Diet Itu Apa?

Kalau saya bilang mau diet, reaksi pertama orang-orang adalah "Mau dikurusin semana lagi lo?"

Padahal, mengacu pada wikipedia, diet berarti pengaturan pola makan dan nutrisi dengan tujuan tertentu: naik/turun berat badan atau alasan medis. Nah, stigma yang telanjur tertanam di kebanyakan kepala adalah diet berarti menggeser angka timbangan ke kiri dengan mengurangi atau pantang makanan tertentu. Mari kita mulai ubah cara pandang ini... 

Waktu menerima undangan bincang-bincang bareng Body Key Indonesia, saya sempet mikir. Dengan kondisi BMI yang masih tergolong underweight, ngapain ya saya dateng ke acara yang mayoritas hadirinnya adalah mereka yang bercita-cita menuju berat badan ideal dengan mengurangi angka timbangan? 

Terima kasih Body Key yang gak membeda-bedakan kami berdasarkan berat badan. LOL.

Dalam bincang-bincang berdurasi tiga jam itu (minus makan enaknya hehehe) terbukalah tabir bahwa sebetulnya program yang diluncurkan oleh Body Key Indonesia ini bukan hanya buat kaum yang berlebihan berat badan. Para fakir lemak yang masih harus disubsidi makanan bergizi macam saya juga dipersilakan ikutan program ini. Oh sungguh senang! *lonjak-lonjak*

Body Key merupakan program 60 hari (karena 30 hari itu untuk mencari cinta) pengelolaan berat badan dengan tujuan akhir menuju ideal, turun atau naik sesuai harapan. Kenapa berat badan perlu dikelola serius macam keuangan? Karena kata Vety Vera yang sedang-sedang saja itu yang utama *dangdutan*.

OK serius! 

Kelebihan atau kekurangan berat badan, sama kok bahayanya. Obesitas berisiko mengundang penyakit degeneratif macam hipertensi, diabetes, kolesterol tinggi, sampai jantung koroner. Serem kan? Nah, sebaliknya underweight juga sama bahayanya kok. Saya sendiri mengalami akibatnya: sering capek, lesu, lemah, kurang gairah, dan mendambakan kasih sayang jadi gak produktif. Tapi, sungguh sulit mengembalikan angka timbangan pada nilai ideal sebagaimana anjuran para ahli gizi. Sungguh! 

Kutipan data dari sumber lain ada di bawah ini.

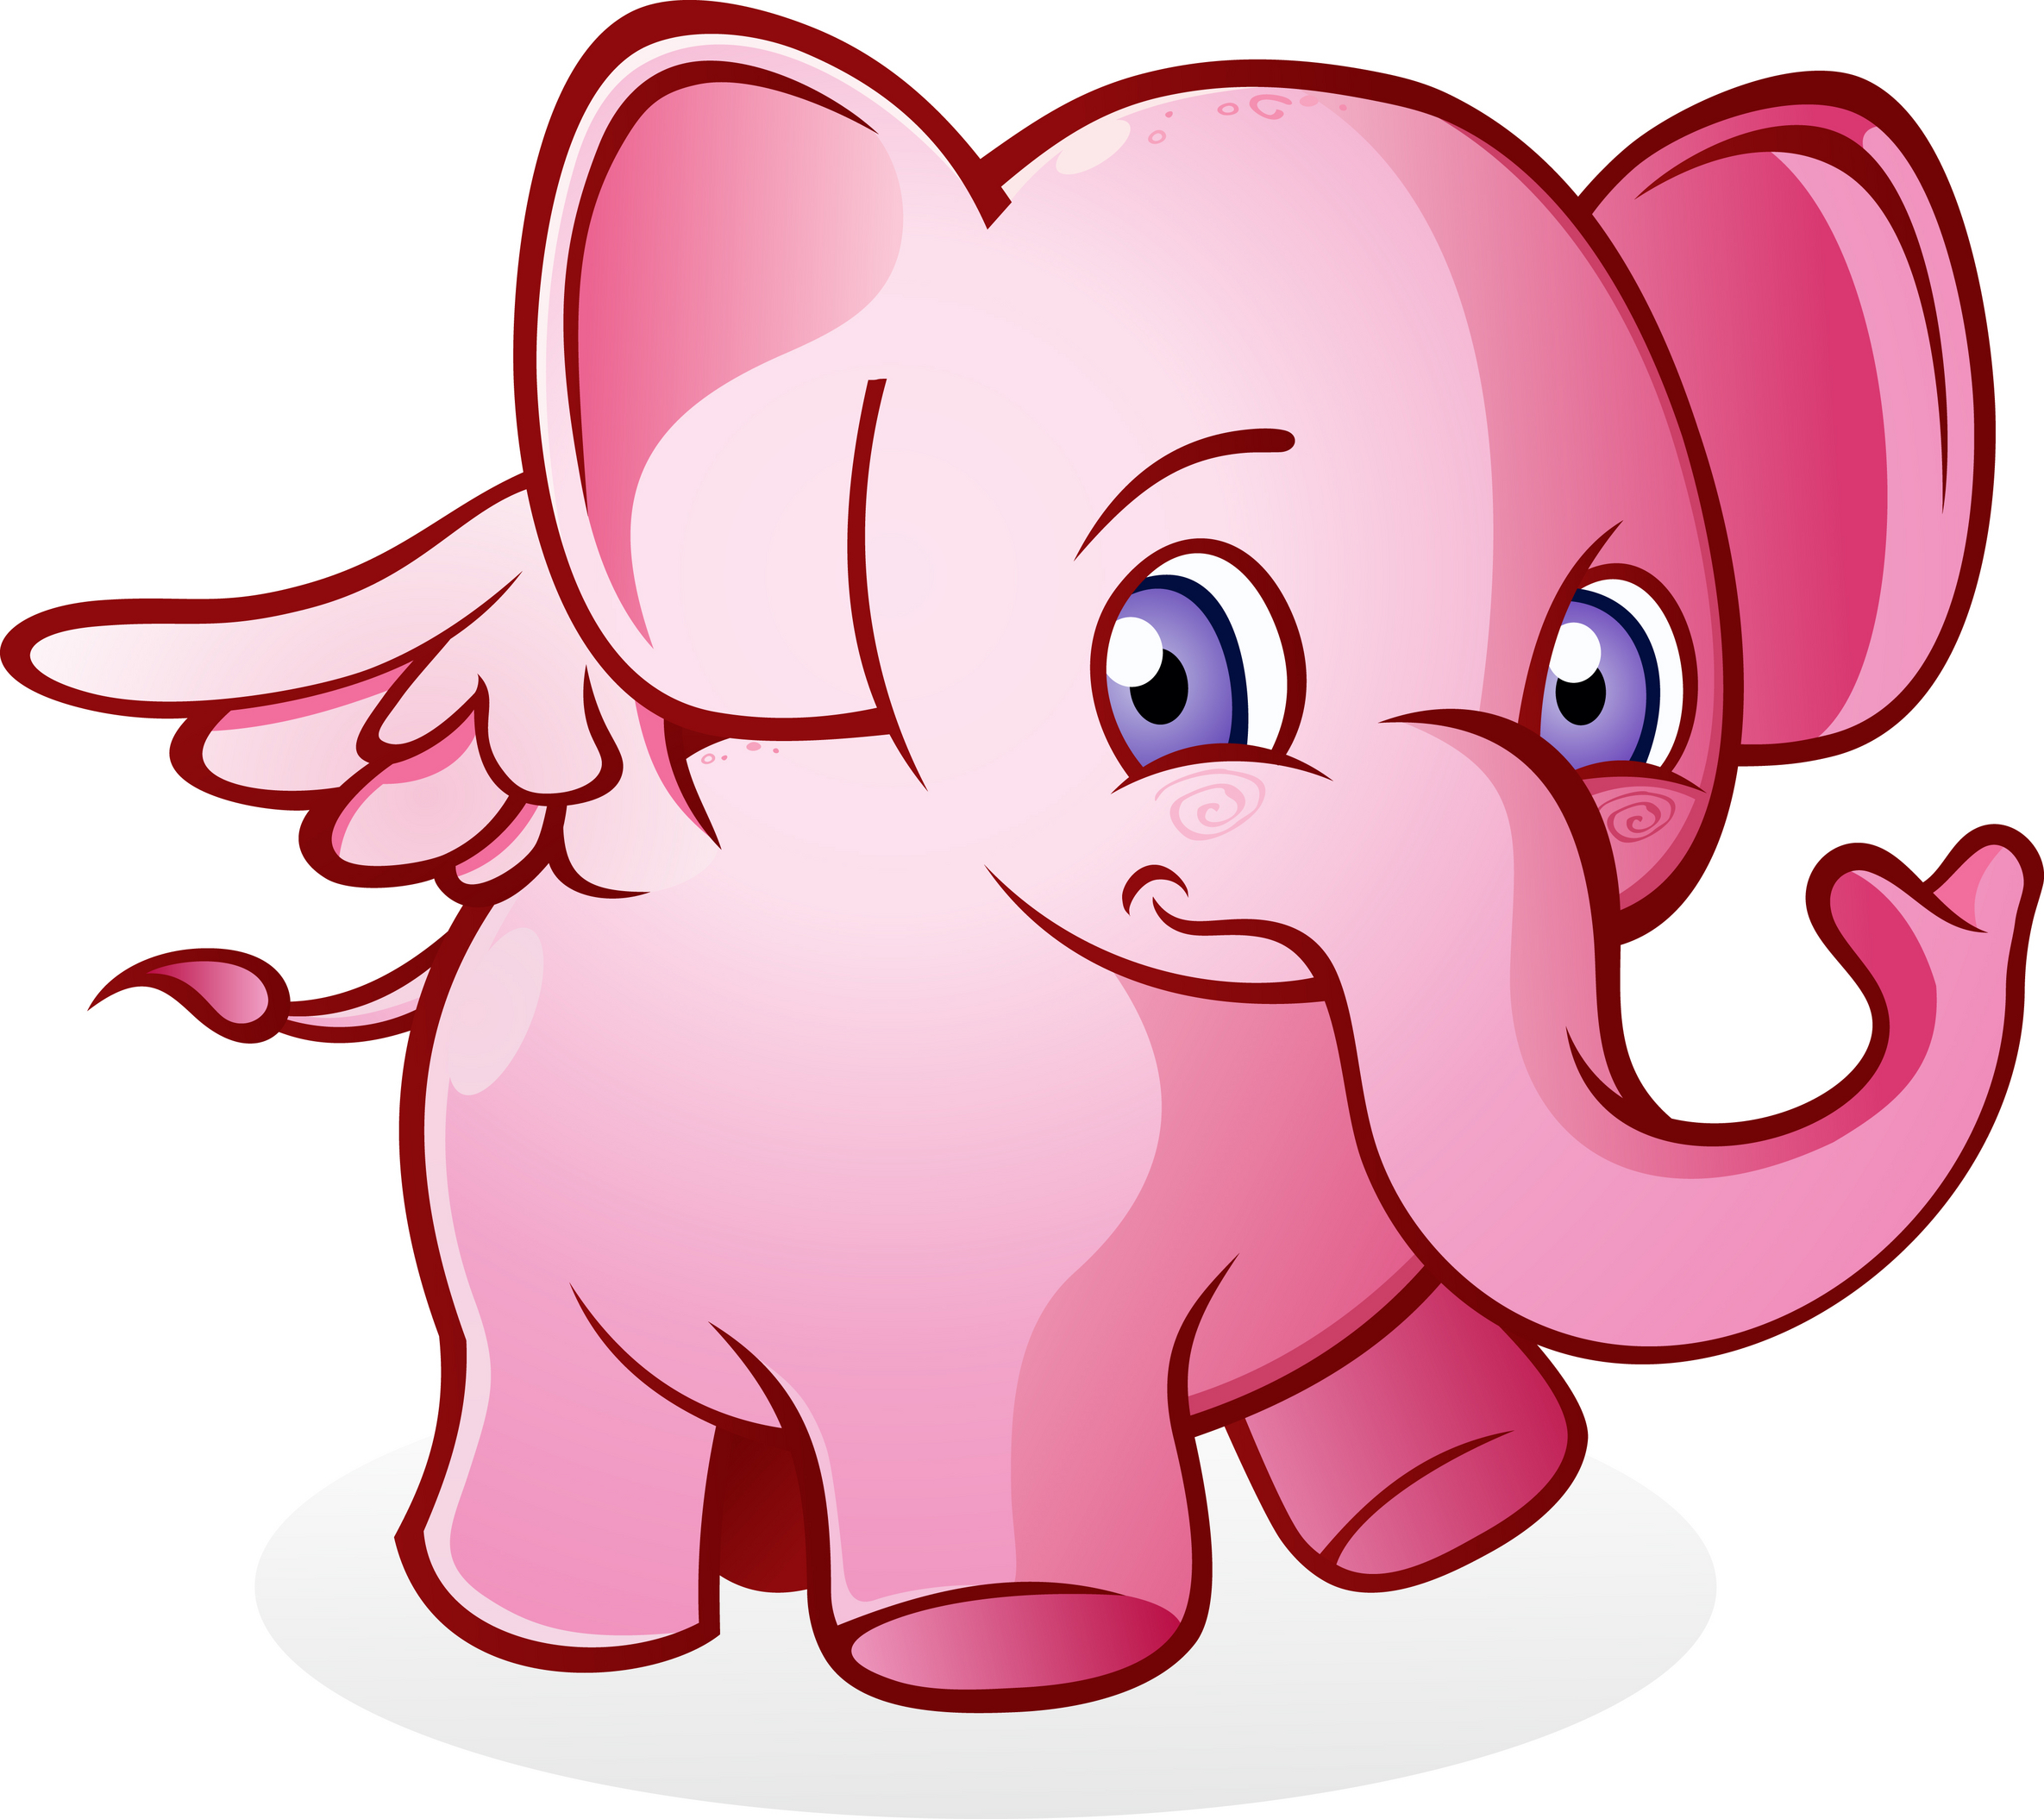 Pink elephants and trauma recovery | Trauma Recovery

Karena metabolisme setiap manusia beda-beda, itulah yang menjadi kunci pengelolaan berat badan sejati. 

Saya gak perlu bahas obesitas ya? Gak ada yang percaya juga tips menurunkan berat badan ala saya, lha wong saya terlahir kurus abadi gini... *benerin kerudung*

Body Key By Nutrilite merupakan rangkaian produk yang dirancang untuk mengelola berat badan secara sehat. Makanya, selain produk untuk dikonsumsi secara oral (makanan dan minuman gitu maksudnya!) Body Key juga dilengkapi InBody--activity tracking system berupa gelang stylish yang membantu memantau kegiatan harian (termasuk berapa kalori yang dibakar dan dikonsumsi pleus kualitas tidur) serta printilan seperti massa otot, sampe kadar lemak (huwow sekali!). Cakep banget dan saya langsung jatuh cinta pada pandangan pertama jumpa dirinya. 

Lihat betapa sakti dan cantiknya InBody ini!



Dengan InBody yang sungguh kece, pastinya setiap langkah menuju sehat yang saya lakukan sehari-hari bakal lebih terukur kan? 

Untuk asupan nutrisi sendiri, Body Key meluncurkan minuman serbuk yang kaya serat dengan rasa nikmat seindah jatuh cinta.



Tiga varian rasa yang digelontorkan ini, semuanya enak. Saya paling suka rasa coklat dan cafe au lait-nya, gak terlalu manis (kayak rayuan DIA). Oh ya, penyajiannya juga gampang banget sih. Tinggal masukkan dalam shaker cantik (yang dilengkapi whisk atau pengaduk imut di dalamnya), kasih air dingin biar lebih enak, goyang-goyang dan voila! Jadilah minuman bernutrisi yang bisa kamu bawa kemana-mana. Praktis kalo pas lagi buru-buru dan gak sempat sarapan. 

Kamu suka yang mana?
Sebagai mahluk dengan kelainan intoleransi laktosa yang berdampak signifikan pada mules-mules setelah mengonsumsi susu, awalnya saya rada khawatir pada reaksi perut sesudah menenggaknya di pagi hari. Tapi untunglah beberapa kali sarapan bareng Body Key rasa Cafe Au Lait perut saya aman-aman saja hehehe... 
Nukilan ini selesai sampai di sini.